Tis the season to be overwhelmed and inundated with signs and decorations telling us how to feel. “Be Merry!”, “Be Joyful!”, “Don’t get your tinsel in a bunch!” are just a few that I’ve seen so far. Of course, this promotion of good attitudes, joy, and peace are a good thing but sadly what people are missing are the signs pointing to where those things come from. It’s not that those signs are not there. They exist. They just often get overlooked in the hustle and bustle or ignored in the tradition of the Christmas season. There is certainly reason to feel joy at Christmas. One way we can remind ourselves of that is by taking a fresh look at a familiar song that has accompanied Christmas for a very long time.

In the early 1700’s Isaac Watts set out to create his own paraphrase of the Psalms. In this process he, unintentionally, wrote the words to, what would become, one of the most popular Christmas carols we have today. Watts’ paraphrases turned into a collection, entitled, “The Psalms of David, Imitated in the Language of the New Testament.” In his writing, Watts set out to see Jesus in the Psalms. In Luke 24:4 this is what Jesus told His disciples they should see when they look there, “Now He said to them, ‘These are My words which I spoke to you while I was still with you, that all things which are written about Me in the Law of Moses and the Prophets and the Psalms must be fulfilled.’” As Watts read through Ps. 98:4-9 he could see within the Jewish song for deliverance the Christian’s anticipation and joy in Christ’s return. How could he not be overwhelmed with joy after reading, “Let the rivers clap their hands, let the mountains sing together for joy before the Lord, for He is coming…”? Yes, joy is commanded, “Shout joyfully to the Lord, all the earth” but it is also enabled at the thought of the Savior’s coming. Originally this song was intended to look ahead at what was to come in Jesus’ return to earth. He would judge and rule with righteousness and equity over His people. Think of what this means in light of the current climate that we live in today. Government will one day, no longer be associated with corruption or controversy because it will all rest on Christ, Himself. Lives will no longer be needlessly taken and peace will no longer be a distant thought because the Prince of Peace will reign.
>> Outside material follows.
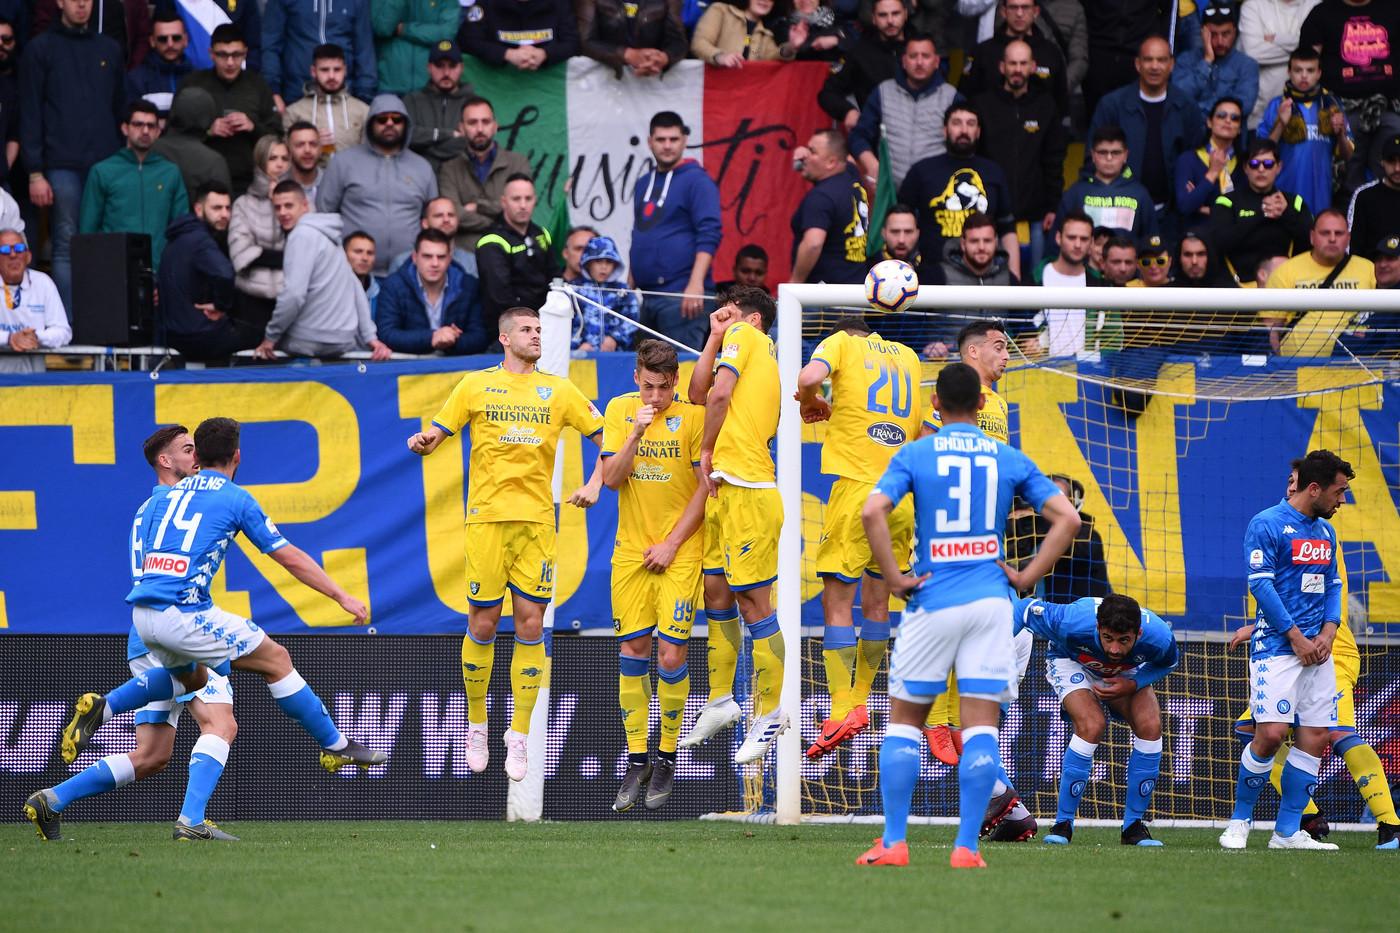 Serie A, Frosinone-Napoli 0-2   Il fotoracconto

The thought of Christ’s return was especially joyful to Watts because it meant the end to the suffering and hardships that plagued much of his life. Watts’ family experienced mistreatment and persecution because of issues surrounding his father and the fact that his mother was a refugee. Watt’s also had many health issues. He longed for the day when there would “…no longer be any death; there will no longer be any mourning, or crying, or pain…” (Rev. 21:4). We also see in Revelation 22:3 that the curse of sin will no longer be. This is what brings us to Christmas and what Christ came to do in His first coming. In his birth, death, and resurrection Christ “no more let sins and sorrows grow nor thorns infest the ground [because] He comes to make his blessings flow far as the curse is found.” You don’t have to look very far to find the curse. We have all been plagued by it in our sin but there is blessing that flows in turning and trusting in the One who came to die in our place and then resurrect for our life. He is the reason for joy! Be joyful knowing He has come and will soon come again!